As a child who just survived the Holocaust, Erika Neuman told her mother she would never speak to her in German "because I hate the Germans like I've never hated anybody." She has remembered her father's response in the 50 years since: "you're no better than the worst German."
Her father told her if she continued to hate the Germans, others who care about her, one day maybe her children, might learn to also hate them.
"'It could happen,' he said. 'But really and truly the only person you're going to hurt is yourself.'"
AU's Jewish Student Association invited Neuman to speak Sunday night in honor of Holocaust Remembrance Week, which began on Sunday.
It took Neuman a very long time to understand what her father meant, she said.
"He wanted me to be a normal human being, not consumed by hate," she said. "Once I understood, I told him, 'I will not hate.'"

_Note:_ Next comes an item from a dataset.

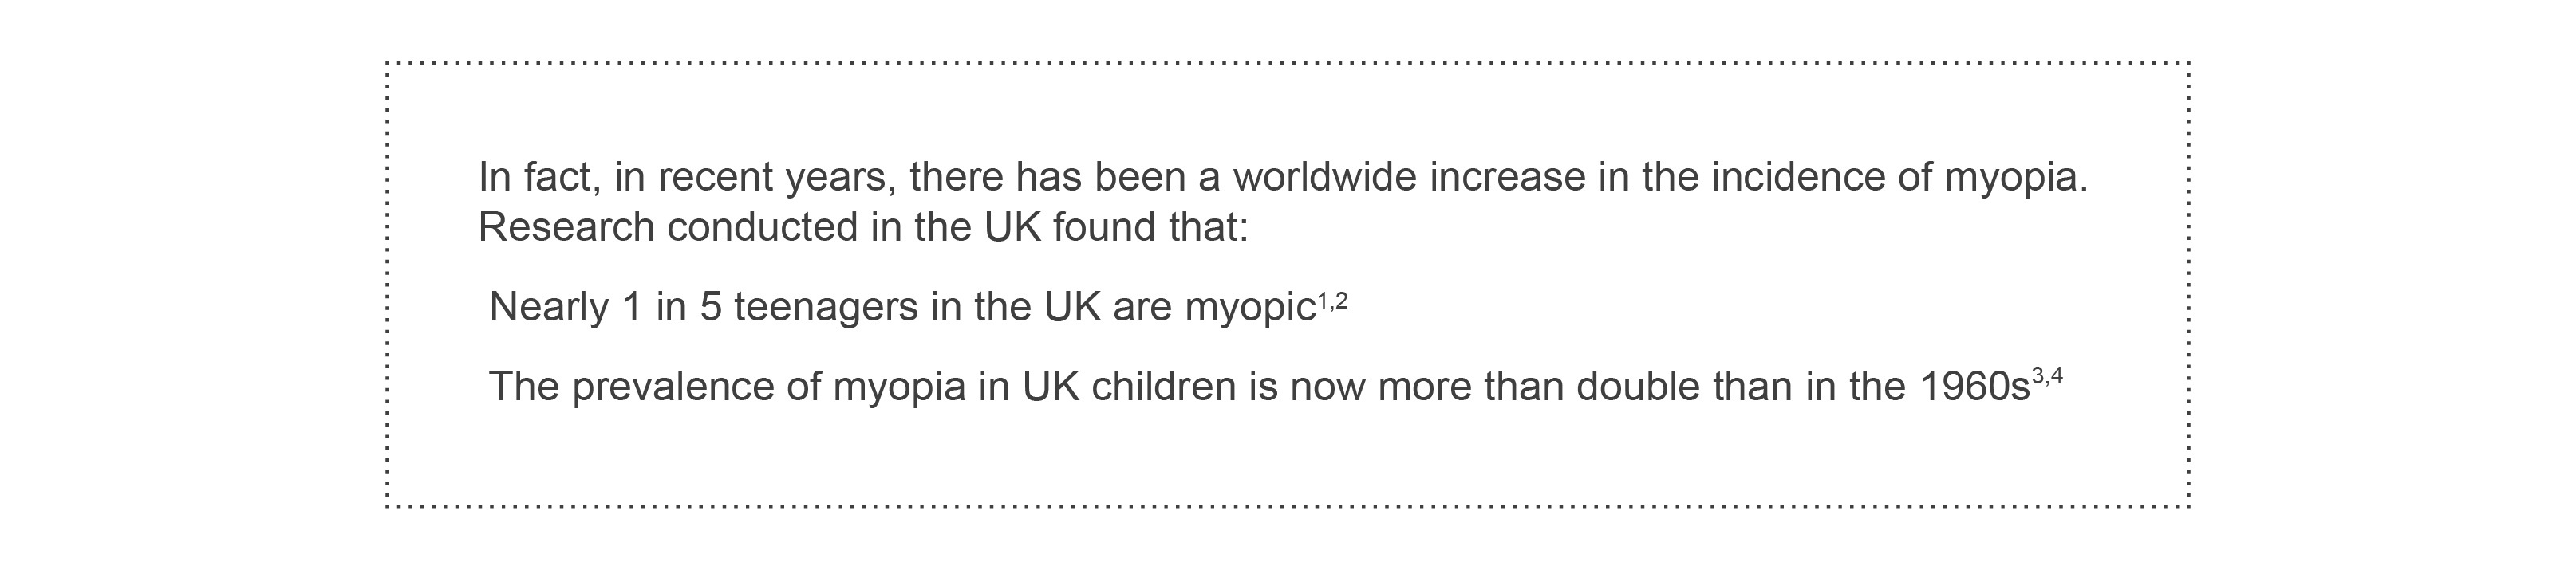 Myopia Facts

Neuman, born in Czechoslovakia on June 12, 1928, stayed in a ghetto located in modern-day Ukraine with her family during Nazi occupation. She and her sister escaped from the ghetto in 1943 with false papers, but Neuman could not immigrate to the United States until almost 20 years later.
During her re-telling of her personal story, Neuman spoke of both the tragic events that occurred once the Nazi regime took over and of her happy memories before the Nazis came to power.
She told the story of "strange men" who came to her door and told her family to come to the town square. With the entire town gathered by the school playground, a group of four men shot and killed the neighborhood Rabbi as well as other men, in front of their families and children.
"I thought I should ask my father if I am going to have to die too," Neuman said. "I asked him, 'Am I going to die tonight?' But he just said, 'please, stop crying.' How could I stop crying? I couldn't stop, but my father didn't have a good answer for me."
It was an unlucky accident that Neuman's family lived in Eastern Europe at all, as her father intended for the family to move to Palestine. He knew Hitler was coming to power, Neuman said, and her father believed this would not bode well for the Jews.
"When my father told my grandfather, [he] thought it was a very good idea," Neuman said. "'But you know,' he told my father, 'you have to have somebody take my horse, the cow and the chickens.'"
Her father could not find anybody to take the animals off his hands, so the family never left for Palestine, Neuman said.
Neuman's speech about her experience during the Holocaust is a reminder of how the past must be remembered to protect the future, the theme of Holocaust Remembrance Week, according to JSA President Eli Engelbourg, a sophomore in the Kogod School of Business.
"[The week's focus] starts with the past, inviting a Holocaust survivor to speak, holding a 24-hour name reading," he said. "We then move towards the future with a screening of the film Paperclip and a panel discussion."
Spending her childhood days in Stanesti, a Romanian town, Neuman frequently visited her grandparents' house, where she collected eggs from chickens' nests and rode the little horse her grandfather bought her.
But her family's life in the town was disrupted, first by the Soviet Union's occupation, then when Romania allied with Nazi Germany. As one of the Jewish families targeted by the police, the Neuman family once returned to discover their home was ransacked.
"Everything was upside down ... in the library, the books were on the floor, pages were torn out, it looked terrible," Neuman said. "I started to cry ... and I didn't cry for the books - I didn't read anyway - but I couldn't stand that everything looked so different."
One day soon after, the town's chief of police told her father to escape and take his family to Czernowitz. Once in Czernowitz, the Neuman family lived in a ghetto.
"To say it was bad is not enough. But I don't have another word ... it was terrible. There was no food, there was no water, there was nothing," Neuman said.
In the ghetto one day, Neuman said she saw a German soldier on crutches, standing on one and beating a man. She stopped and repeated something her father had always told her: "you cannot take the law into your own hands."
"The soldier replied, 'this man's nothing, he's a dirty Jew.' But I said, 'who cares what he is, he's doing nothing to you,'" Neuman said.
She continued to talk to the soldier until a policeman took her by the shoulder and told her it was time to go.
"I don't know what got into me because I never, ever stopped, I, never, ever talked to anybody," she said.
Neuman and her sister escaped the ghetto with the help of a Greek Orthodox priest, a family friend. The priest gave the girls papers attesting they were Greek Orthodox, allowing them to travel to Kiev.
Neuman now volunteers for the United States Holocaust Memorial Museum, traveling to schools and telling her story of being a survivor. The museum also sponsored her speech at AU.
Holocaust Remembrance Week will continue with a panel on modern-day genocide Thursday at 7 p.m. in the Butler Board Room.